That said, vacation was a kick in the ass. Time to refresh everything all over, albeit without nearly as much rain as Seattle sees, and I started today. Woke up, finished reading a book, cleaned up the kitchen and then started on our bedroom. Dusted and swept everywhere, got up the rugs for washing, stripped the bedding and mattress pad for washing (which it’s doing right now) and as soon as that room’s done I’ll move to the next.

The basement bedroom, like two of the upstairs rooms, has a mirrored set of sliding closet doors. It’s also much larger than any of the other rooms (with the exception of the basement living room and the kitchen/dining area) and I noticed today that I could probably make a decent yoga space in there. It’s got laminate flooring and high enough ceilings that I don’t have to worry about barking my hands or feet. It’s also cool enough (being the basement) and has a fan so that I should be able to work as hard as I like, comfortably. That’s going to be my new spot then, at least until we get one of the upstairs rooms converted into a real workout space.

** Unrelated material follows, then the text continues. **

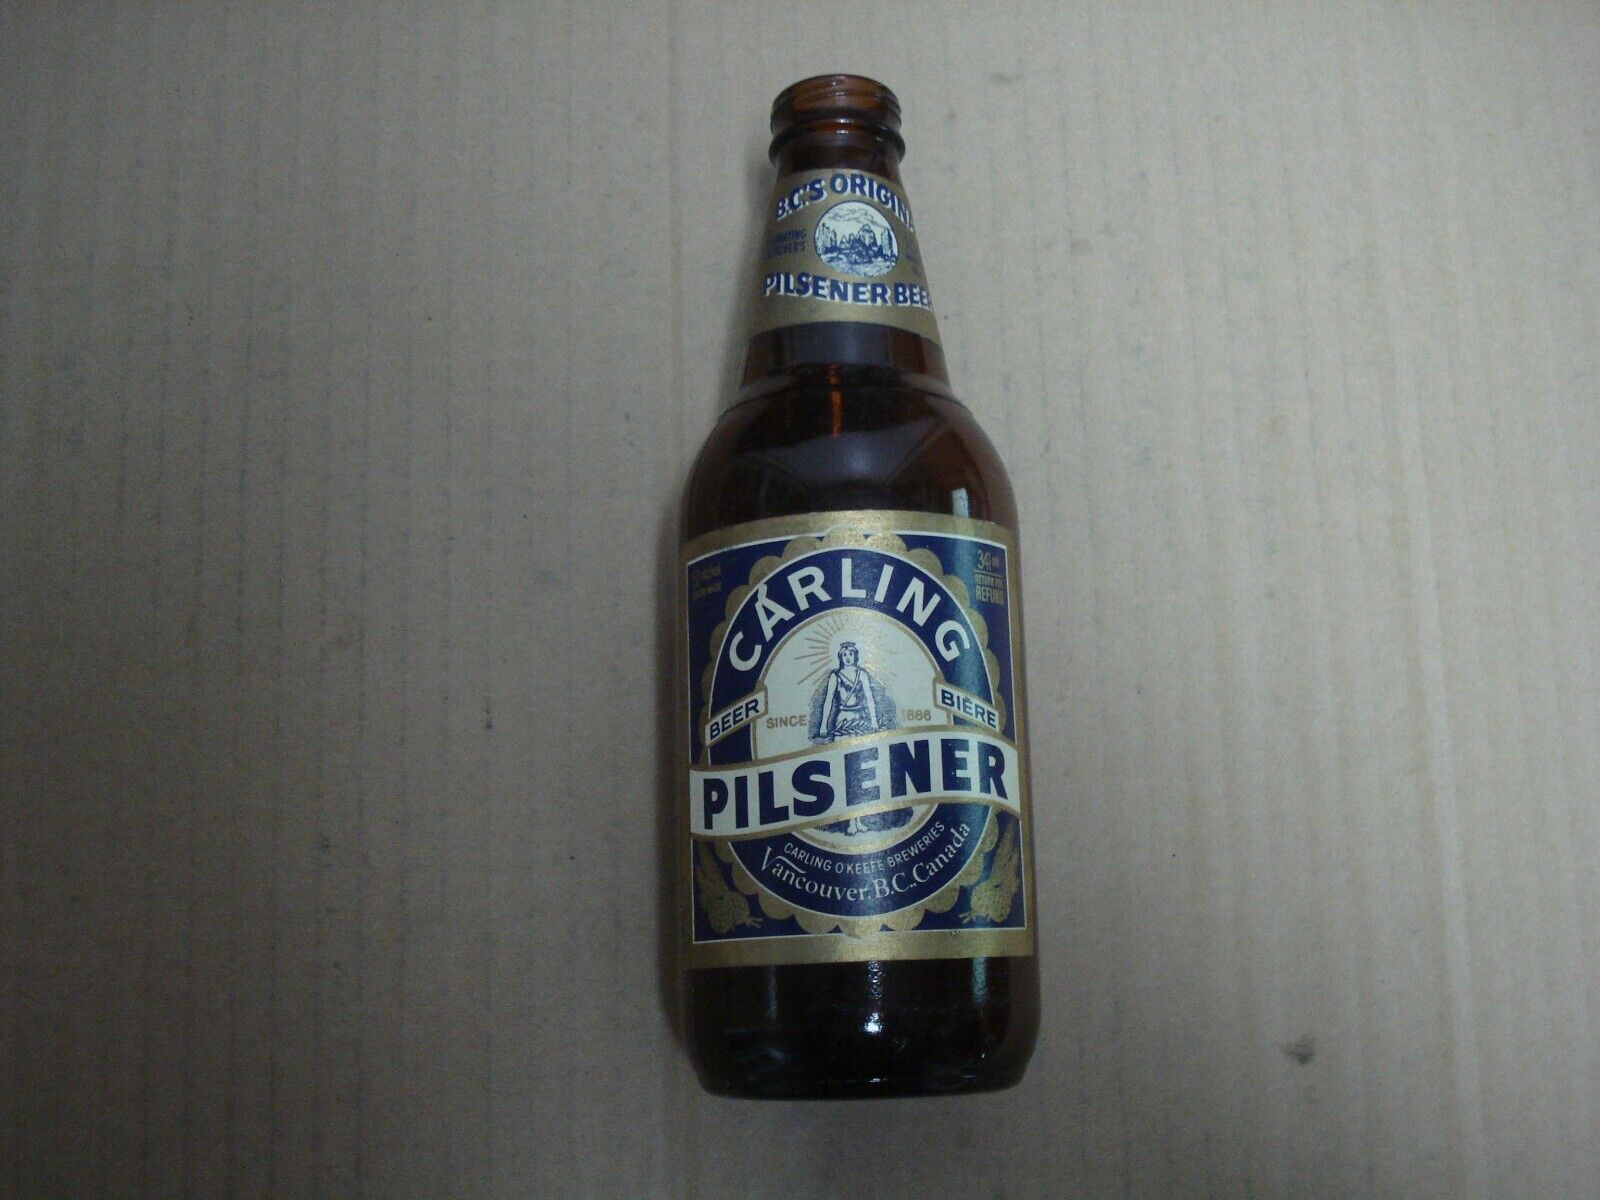 Carling Pilsener Vancouver, B.C. Beer Bottle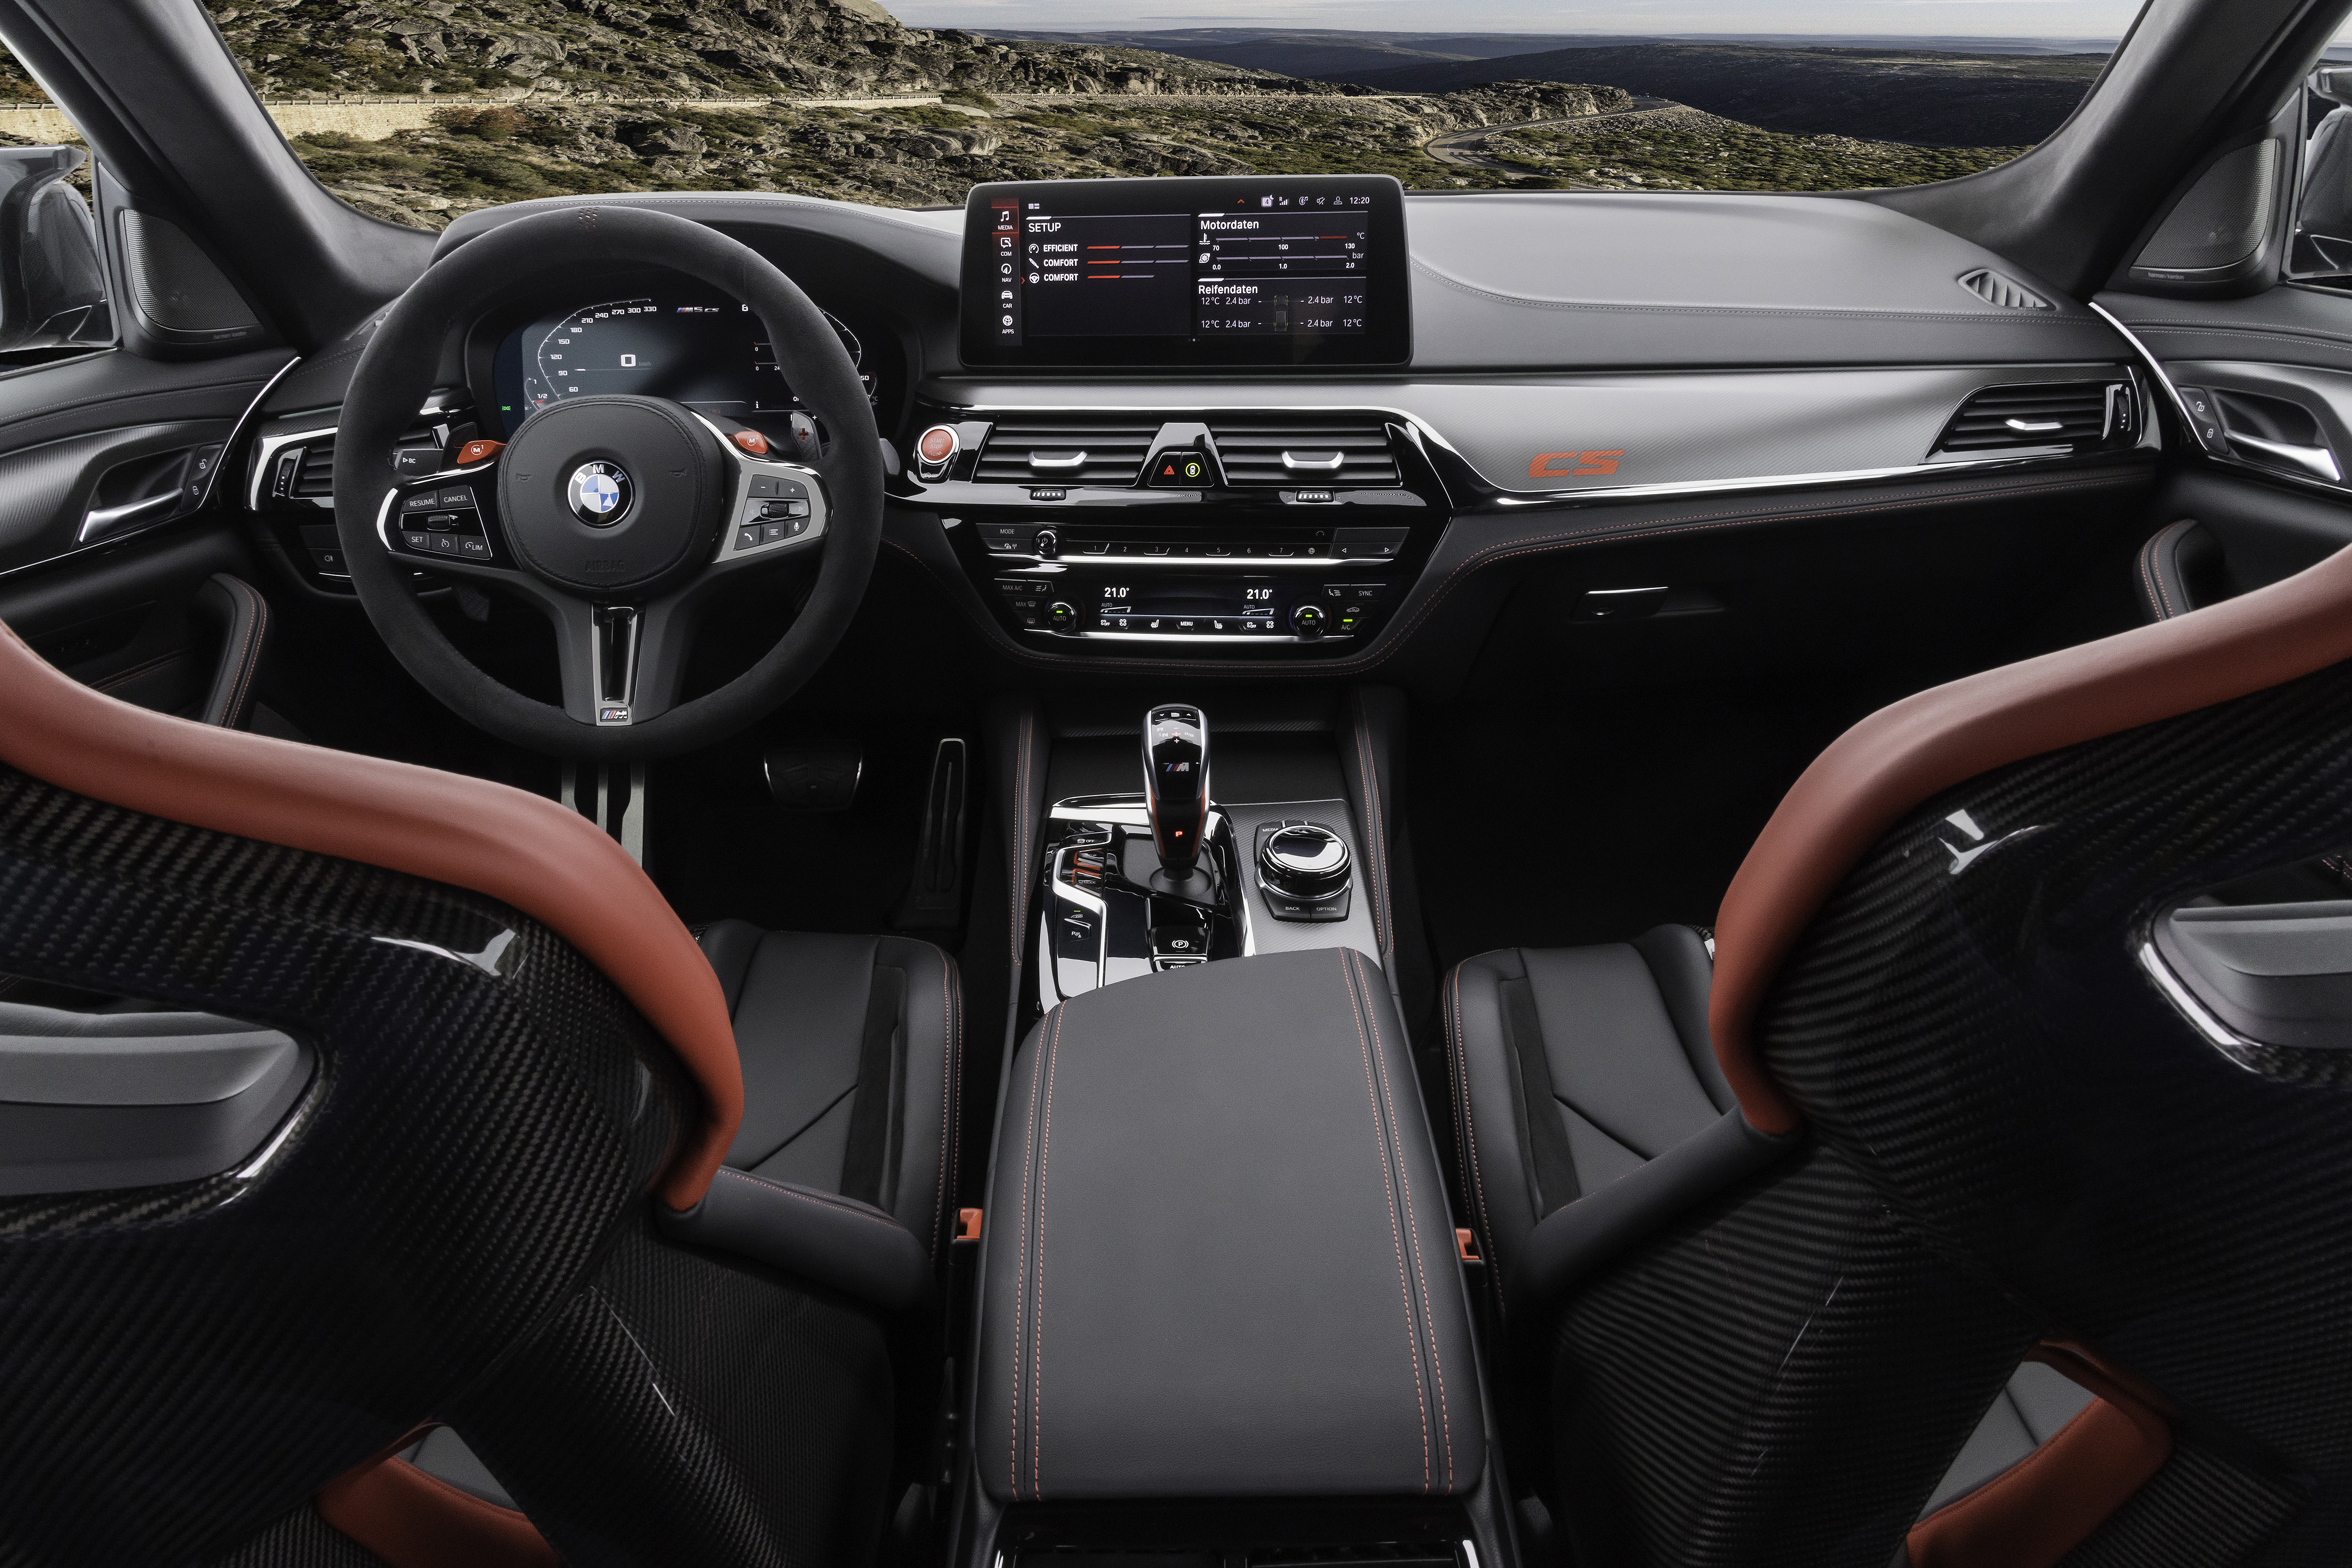 BMW M5 CS 22 interior.jpg

One of the things I love about yoga is its malleability. I can tailor my workout to whatever feels appropriate at the time, focusing on whichever areas I’d like. Unfortunately that is also one of the things that stumps people about having a “home practice”. With so many options, how do you keep track of where you started or what you’ve done? I think it’s one of the things people really like about Bikram and the ashtanga series – there are proscribed movements in a particular order such that you’ve always got the next step in front of you. While that sounds nice in theory, I think I’d get bored with it.

I generally start with the Sun series and modify it however I’d like. It’s infinite if you add in Warrior II and Chair (Sun B) and can be modified to include almost anything – triangle, side angle, revolved variations of both, twisting chair, Warrior III, pyramid and about a dozen different ways you can modify Downward Facing Dog. I’m tempted to do audio posts about the variations just so that people can try them if they’re interested. Everyone approaches yoga a little differently and one of the reasons I love taking classes is because I can hear how other people change things up.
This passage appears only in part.